Yes! The loudest is the mission Parker Solar Probe, which NASA launched to the Sun on August 11, 2018. "High tech" talked in detail about her here. In short, the technical stuffing of the Parker Solar Probe even at the time of launch was much better than that of Interheliozond, the launch of which is scheduled for at least eight years. The probe will almost touch the Sun - the distance of the device to the star will be less than 6.1 million km, and the heat shield covering the Parker Solar Probe will only heat up to 1,644 ° C.
Image: NASA Parker Solar Probe
The main mission of the Parker Solar Probe isthe study of the solar corona - the region of the Sun, where the temperature exceeds 2 million degrees, but in this area is very low density of space - this will allow the device to fly almost to the Sun.
Another ambitious mission is Solar Orbiter.which is being developed by engineers from the European Space Agency. Initially, its launch was supposed to take place in 2017, but the start was postponed to 2020 - the developers were not entirely sure of the effectiveness of the heat shield.
Clear. And what part of the sun scientists are most interested in? Why run missions to the sun?
Today, the main interest of scientists isat least from NASA, is associated with the solar wind and the solar corona. The fact is that during the 146 million km that the solar wind reaches the Earth in four days, it mixes with other particles many times and loses a huge amount of its defining features. Therefore, the Parker Solar Probe mission, for example, will study precisely pure identical hot particles.
Nowadays humanity knows very little about the solarcrown The only sources for study were solar eclipses, since the Moon blocked the brightest part of the star - this made it possible to observe the dim outer atmosphere of the Sun.

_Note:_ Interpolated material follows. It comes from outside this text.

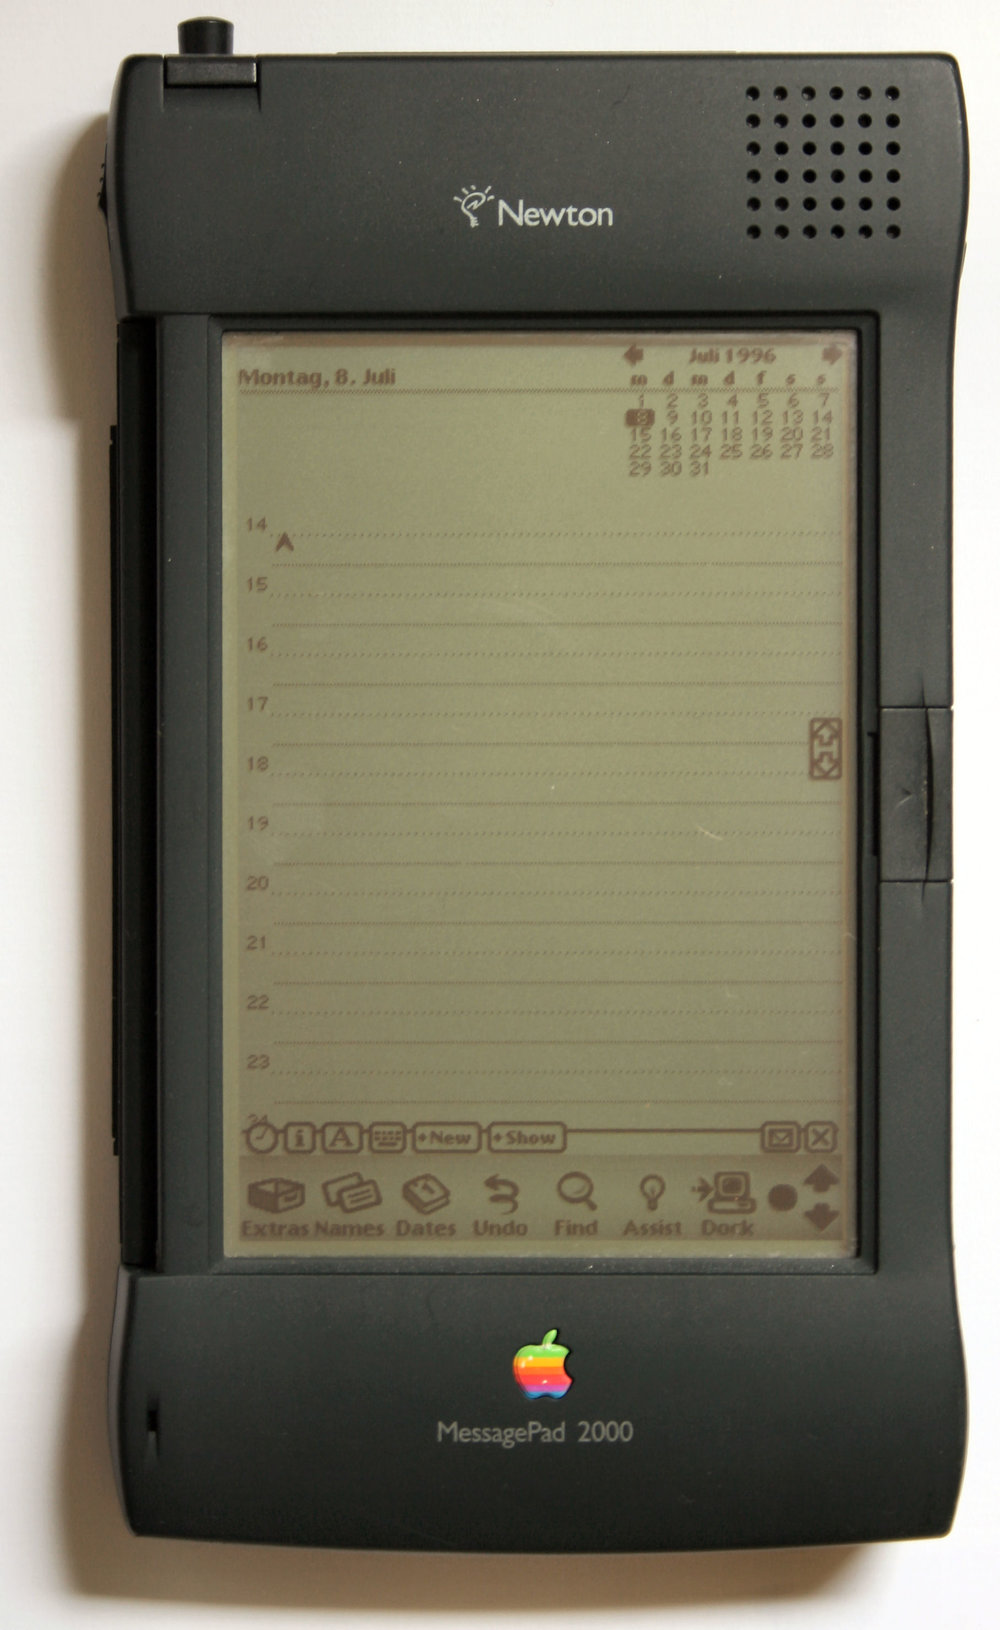 One of apples's failures; The Apple newton
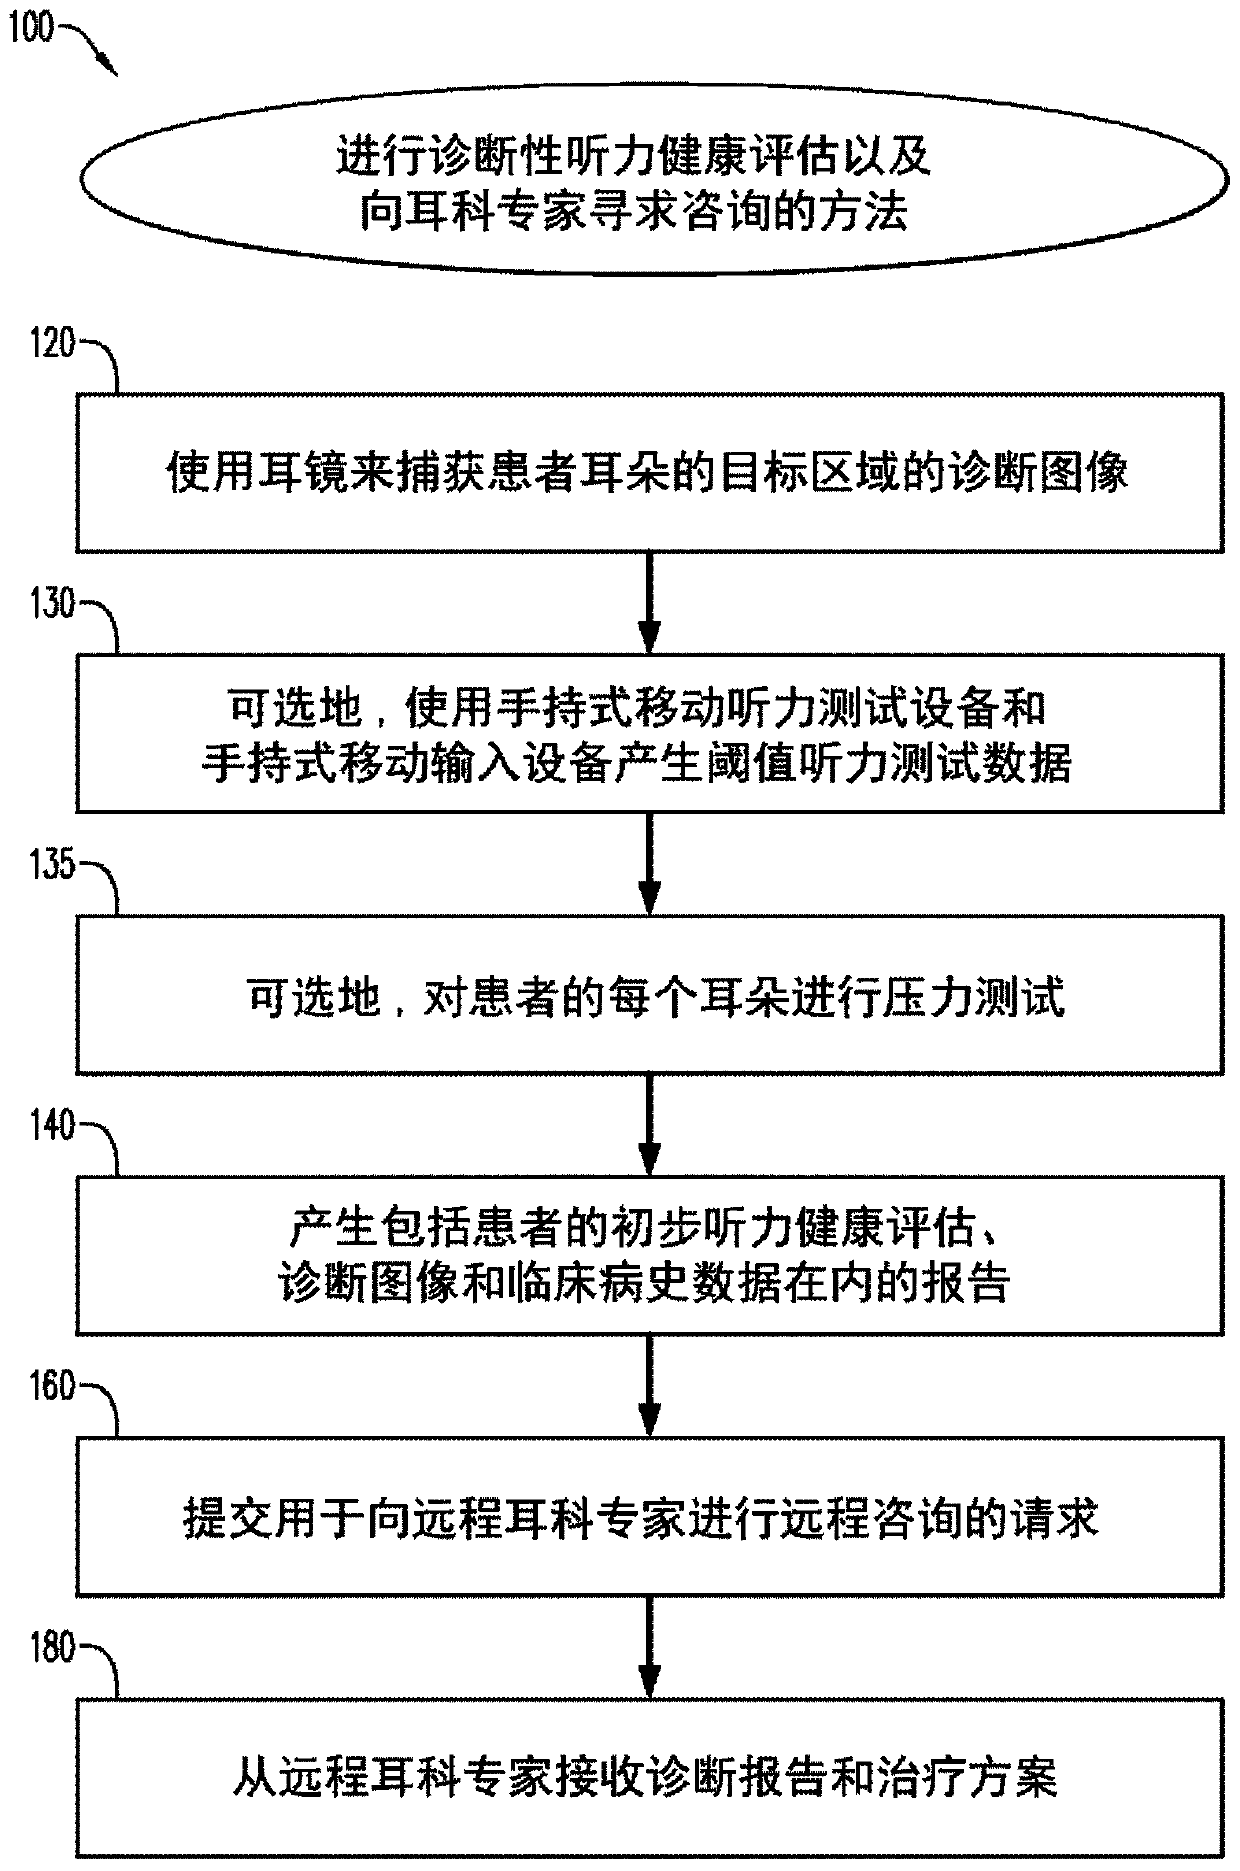 Diagnostic hearing health assessment system and method

Back in 1869, astrophysics during fulla solar eclipse observed a green spectral line on the surface of the star. Since different elements emit light at their characteristic wavelengths, scientists can use spectrometers to analyze light and, accordingly, determine its composition. At the same time, the green line observed from the Earth in 1869 did not correspond to any known elements on Earth. Scientists then thought that they had discovered a new element, and called it a coronium. And only in the middle of the 20th century it turned out that this was not a new element, but iron, overheated to such an extent that it was ionized 13 times - it left only half of the electrons of the atom of ordinary iron. Such an ionization process can happen only if the coronal temperatures are more than 2 million degrees Celsius, which is 200 times more than on the surface.
During the discovery of the coronal atmosphere, scientistsall over the world, they tried to understand its behavior, but even the most complex models and satellite observations in high resolution only partially explain such a sharp heating. And many theories contradict each other.
As a result, it is not completely known how the solar corona is arranged. And, basically, subsequent missions to study the Sun will be devoted to her.